Tuesday, June 24, 2014

A Wealth of Barn Quilts in Wisconsin

Wisconsin was actually late in joining the barn quilt movement, but with so many incredible dairy barns--those who got into barn quilts did so with a vengeance!  We had visited only briefly in the past, but now it was time to really dig in.

The day after we arrived, I visited with a quilt guild in Milwaukee and then took a side trip to the nearby quilt museum.  This is a really wonderful quilt, a 9/11 memorial. If you look closely, you might be able to see that each piece of this quilt is a face--a photo of someone lost in that tragedy.
While in the area, I met my online friend Yvonne, who has contributed photos for my calendars.  We have chatted about barn quilts a lot, and on a sunny Saturday, Glen and I shared another of our interests with Yvonne and her husband.  Here we are kayaking on the Rock River.
Our campsite was near Walworth County, WI, so each time I set out on the road I allowed a bit of extra time for photos.  Love this spotted Ohio Star!
We headed north to an unusual campground where we were parked out in a field.  The mosquitoes were horrible--like nothing I have ever seen in Georgia!  At least we had friendly neighbors.

In Oconto County, I met a dairy farmer whose sense of humor is reflected in his choice of barn art.
I also toured a magnificent stone barn--really an incredible structure that is in the process of being restored.


On to the granddaddy of all quilt trails--Shawano County.  This is the largest single-county quilt trail in the country, with more than 250.  And oh, what beautiful barns--and quilt blocks!  I spent two days with Jim Leuenberger and his wife, Irene, who put together this array of barn quilts, and could have spent three more!

Here is Hands All Around--is that a picture perfect barn or what?
 These guys posed nicely for us, and Jim and I had a fun time with our photo shoot!
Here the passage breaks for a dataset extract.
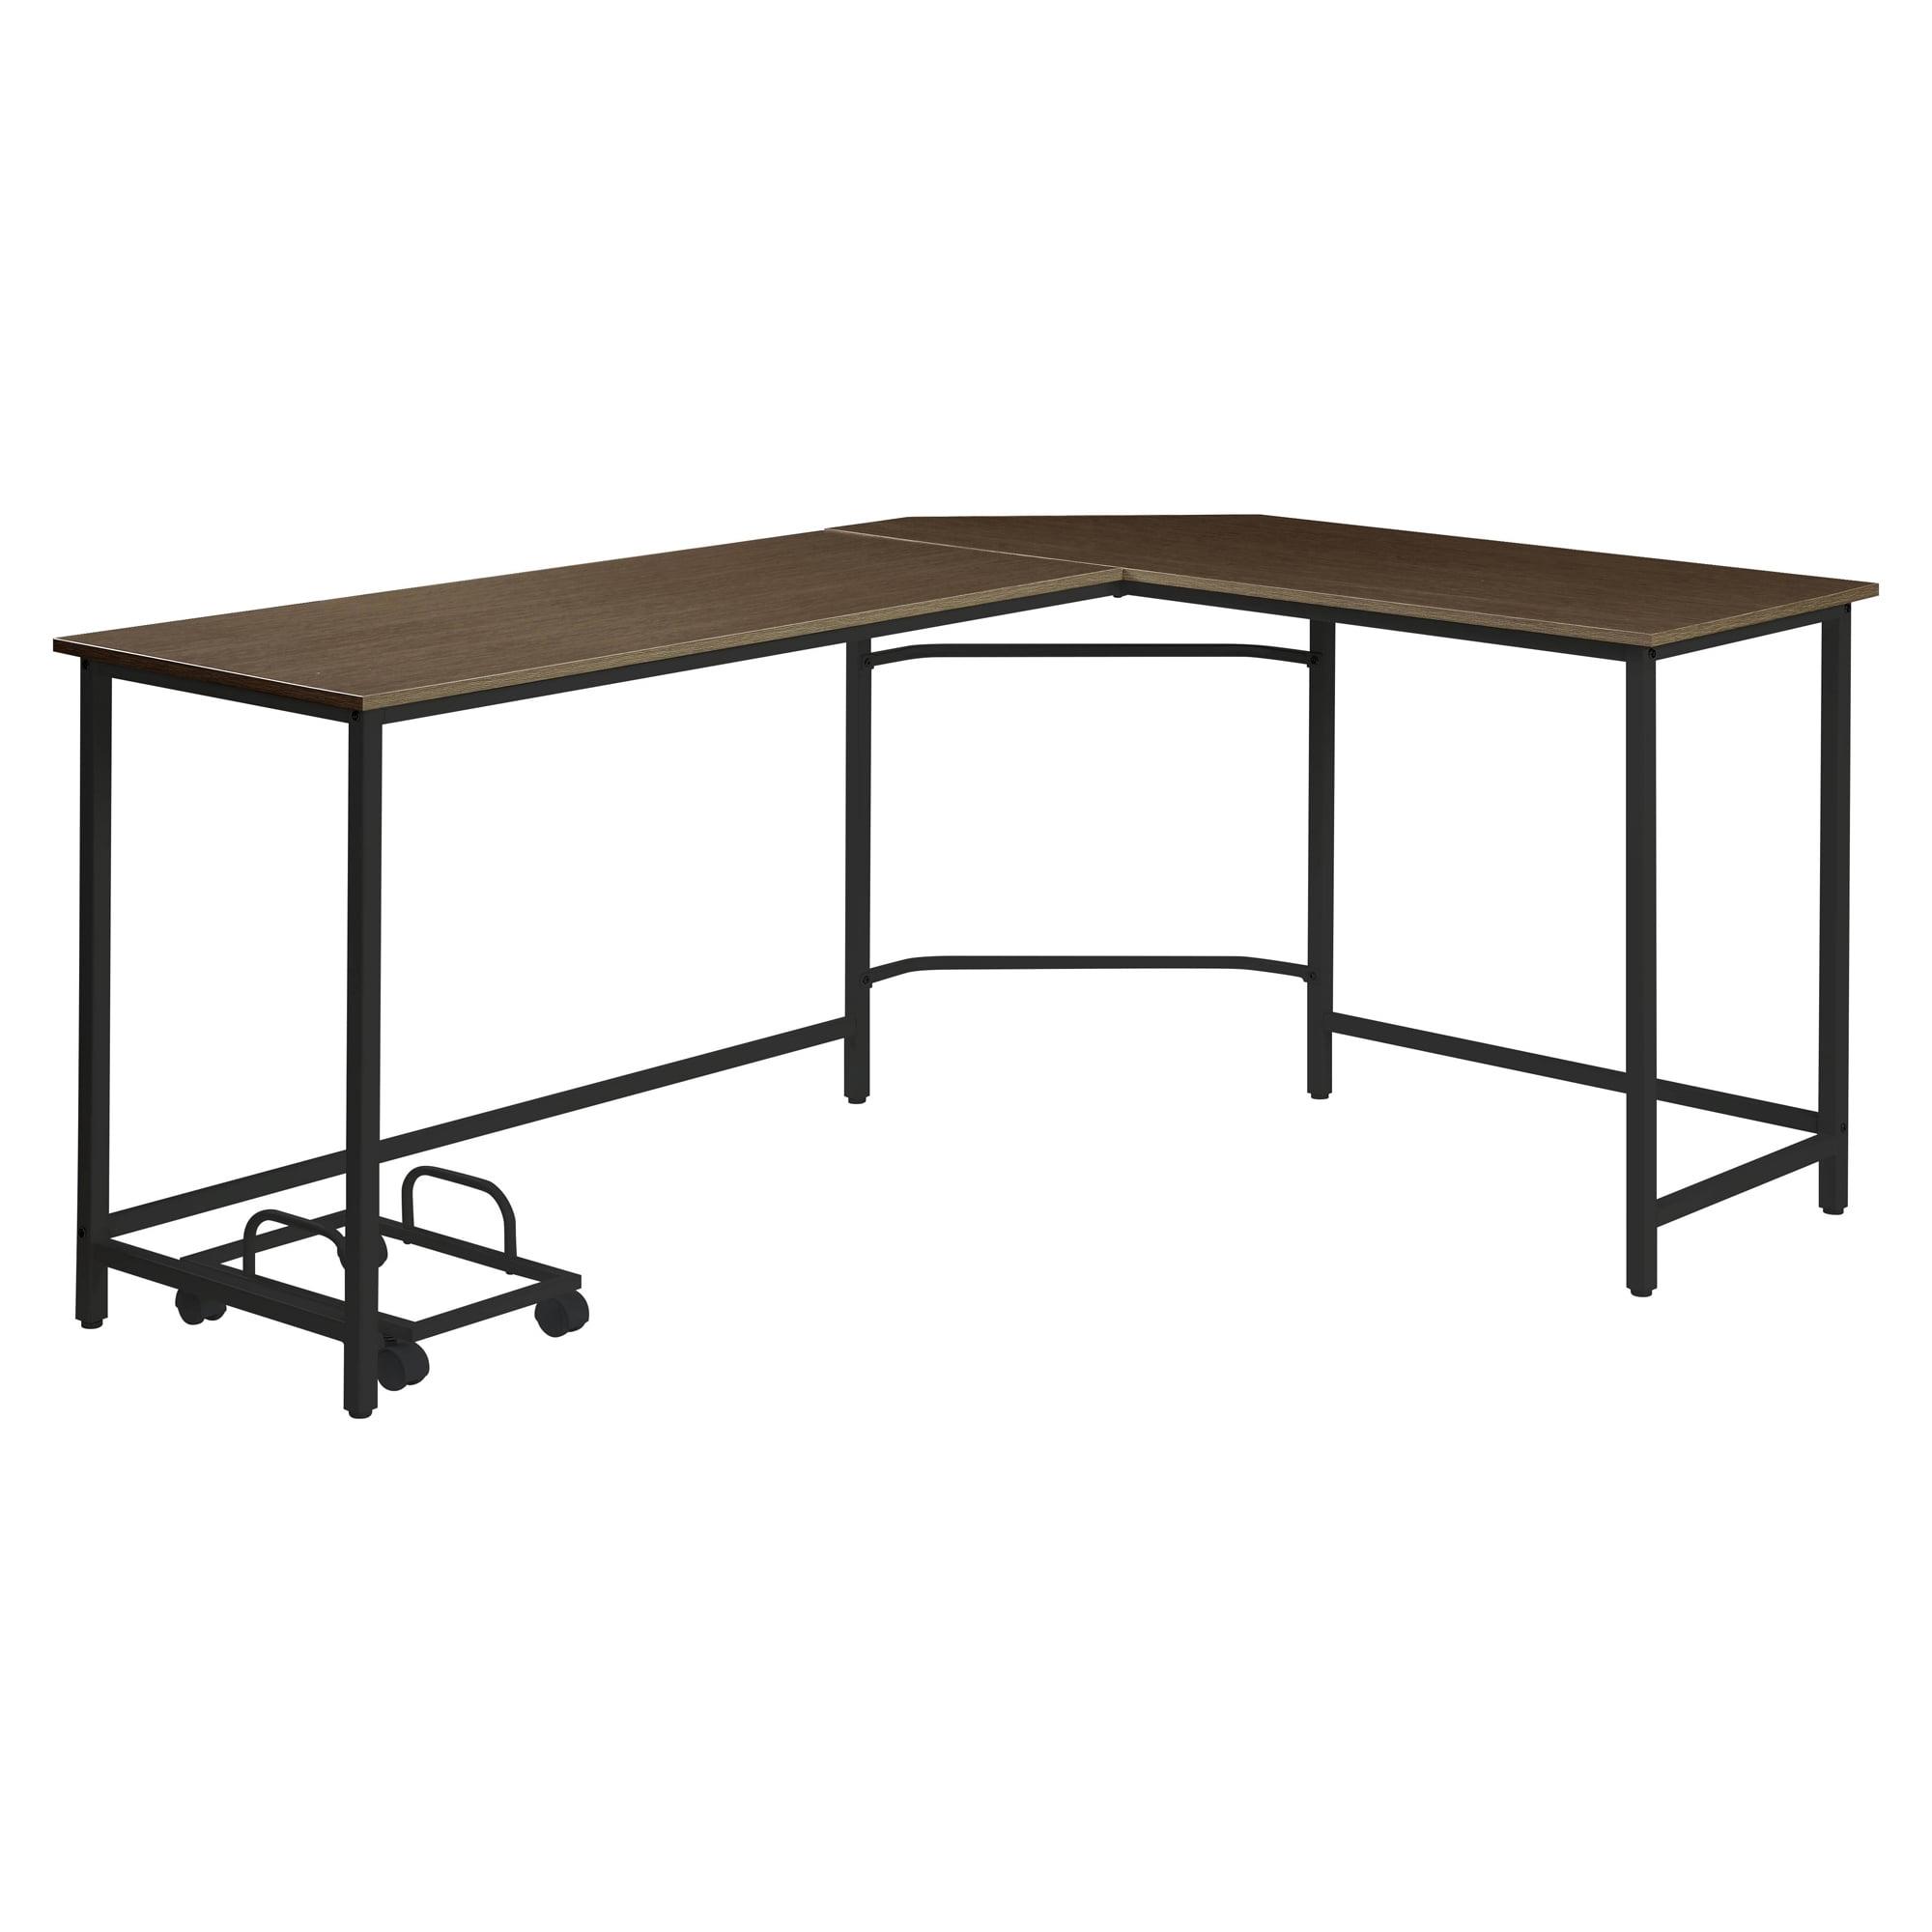 Executive Corner L-Shaped Desk with Drawer and USB Port in Black

I think we both forgot that we had stopped to see the barn quilt!
 A great example of colorful work on this Cross design.
I could show you a dozen more, but I have to save some for my archives--and for the new book, of course! Here I am with Jim in their painting studio--with their latest creations in the background.
The painting crew created a sort of sculpture our of all of the tape pulled form their paintings--looks like they love what they do!
I picked up some 2-year cheddar at the local market, and when I got back to the bus, I mentioned to Glen that there was a 9-year on the shelf as well.  Curiosity got the best of us, and we made the 20 mile round trip to grab a block of the aged variety.

SO--we left Wisconsin with both and had a taste test on the road. Boy, do I wish we had bought some more of that 9-year!  I don't think you can buy it elsewhere. I do have some Wisconsin friends who might be persuaded to send some our way, though!